* [Given information]:

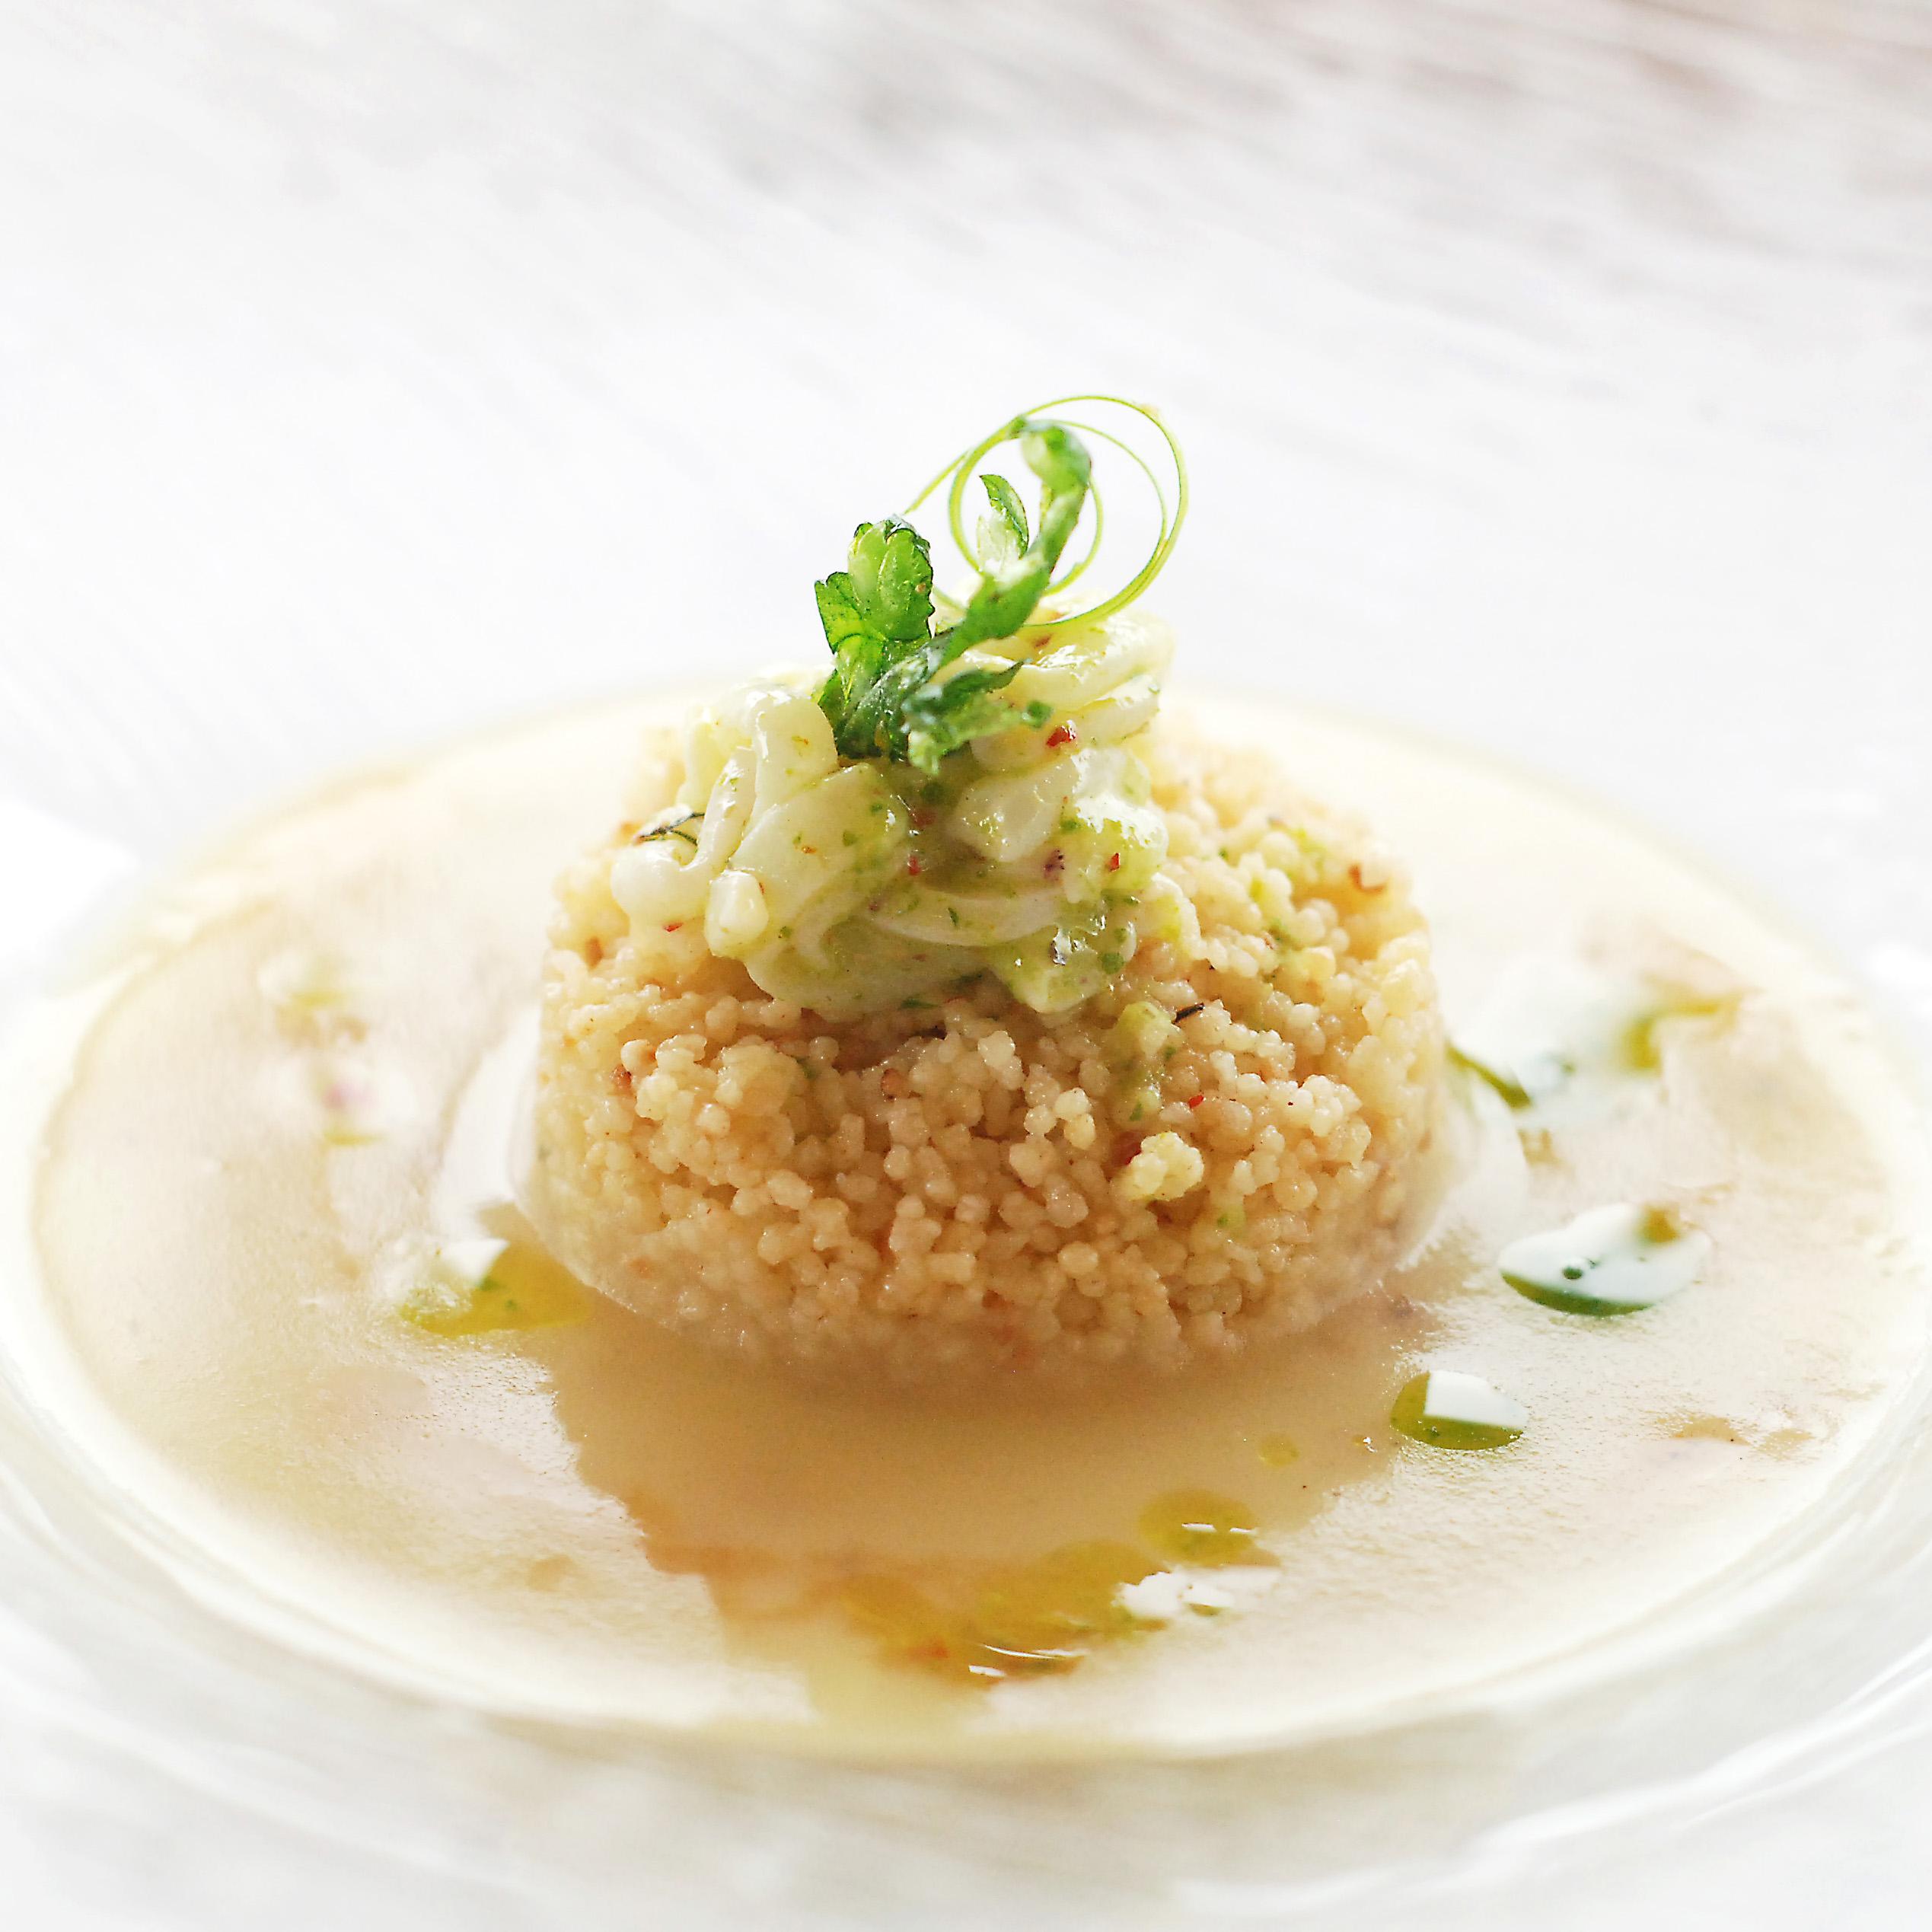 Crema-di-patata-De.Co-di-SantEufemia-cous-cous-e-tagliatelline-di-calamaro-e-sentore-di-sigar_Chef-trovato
* * *
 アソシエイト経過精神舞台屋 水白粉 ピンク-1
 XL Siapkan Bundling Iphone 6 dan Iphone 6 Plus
...
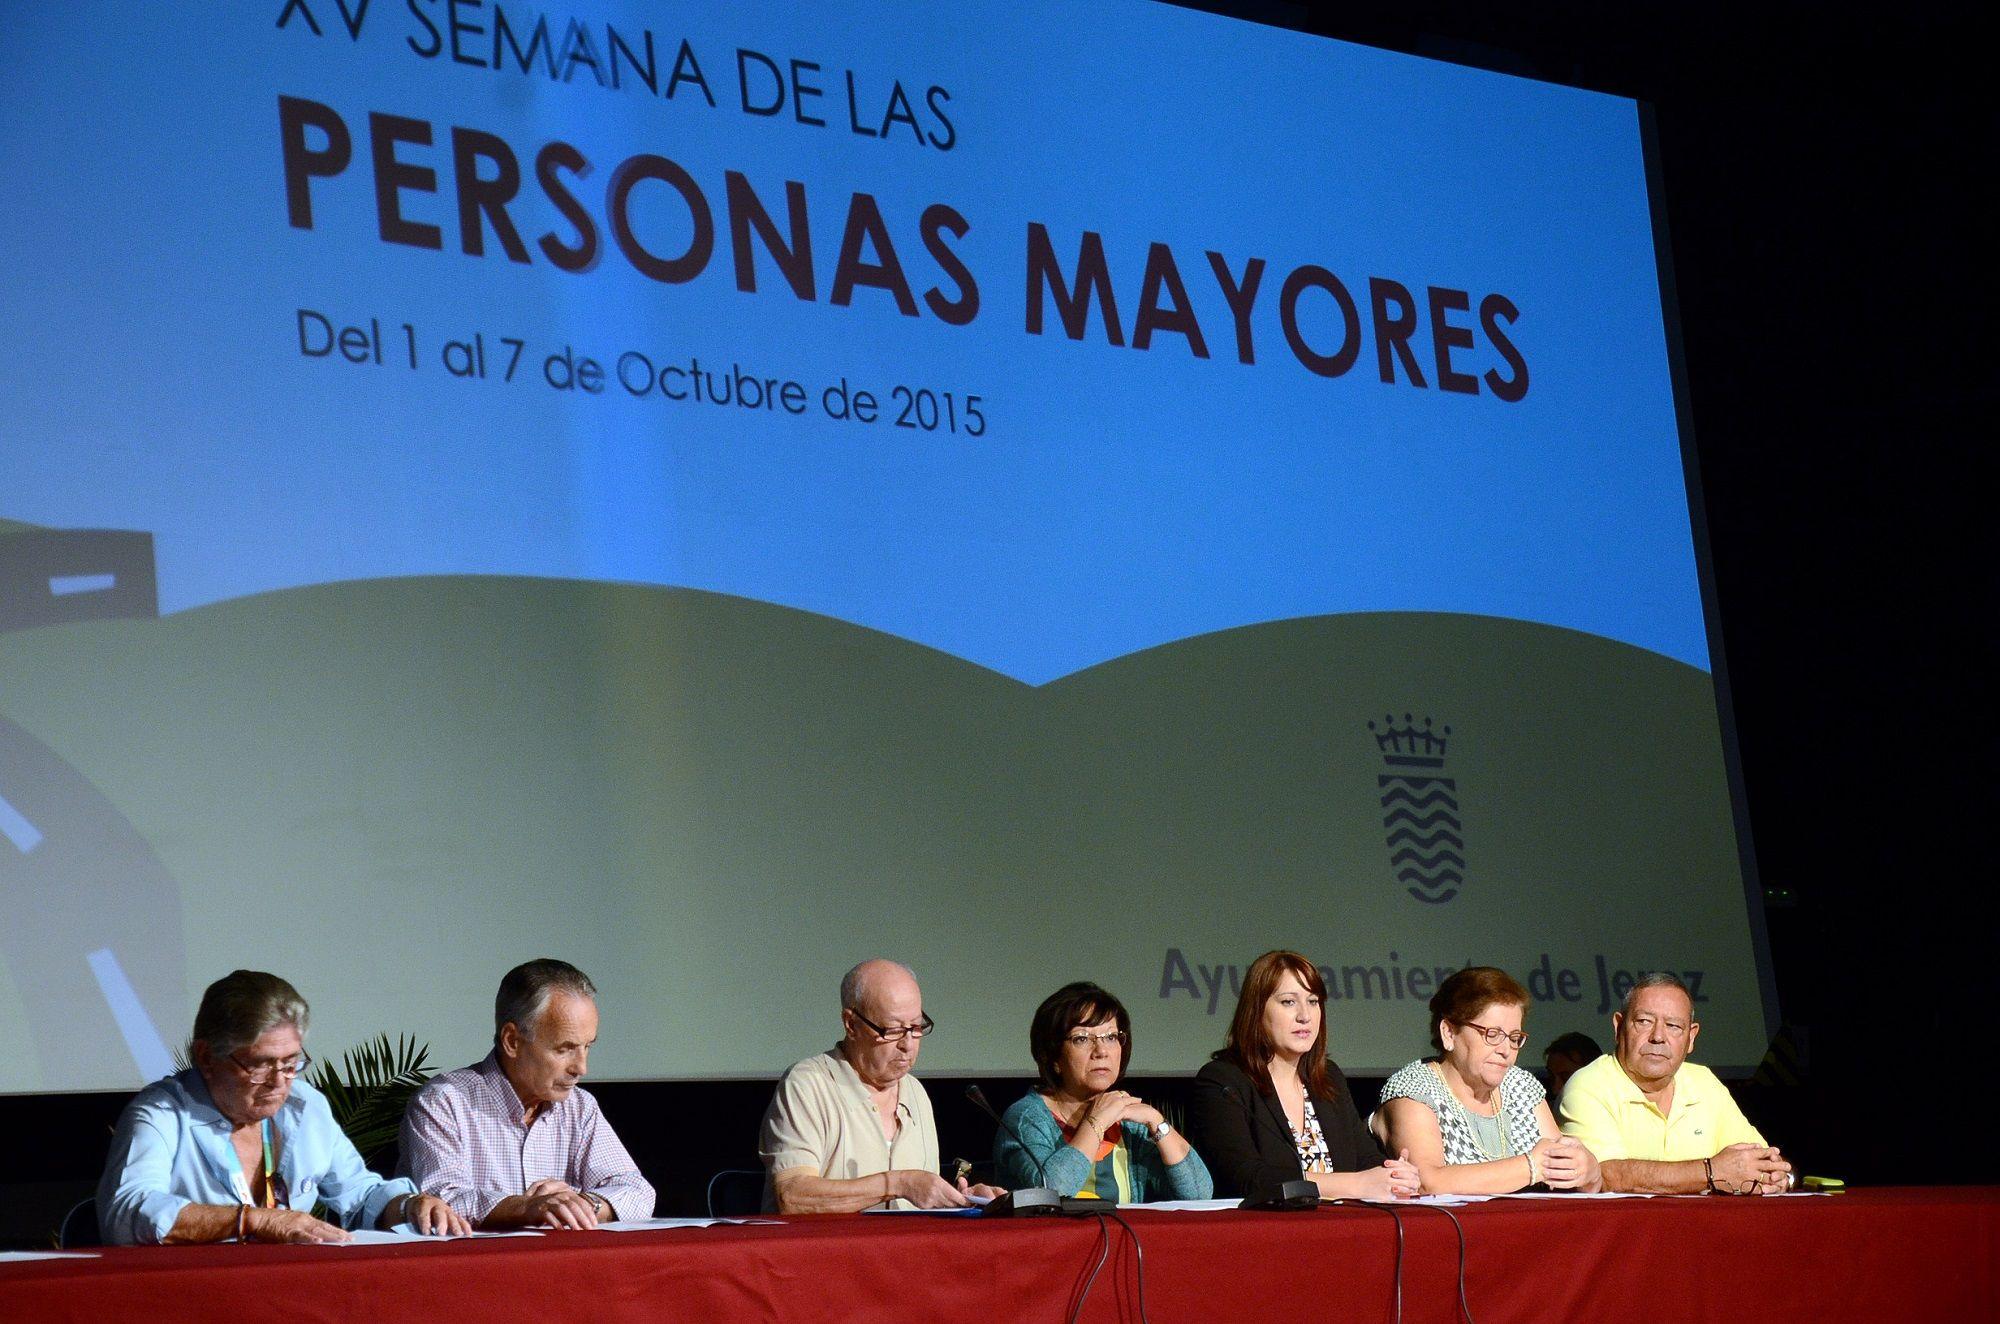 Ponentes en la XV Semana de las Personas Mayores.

* [Exercise objective]:
Once the line with "アソシエイト経過精神舞台屋 水白粉 ピンク-1" is found in the records above, print exactly that line and every line after it through the line with "XL Siapkan Bundling".

* [Written reply]:
 アソシエイト経過精神舞台屋 水白粉 ピンク-1
 XL Siapkan Bundling Iphone 6 dan Iphone 6 Plus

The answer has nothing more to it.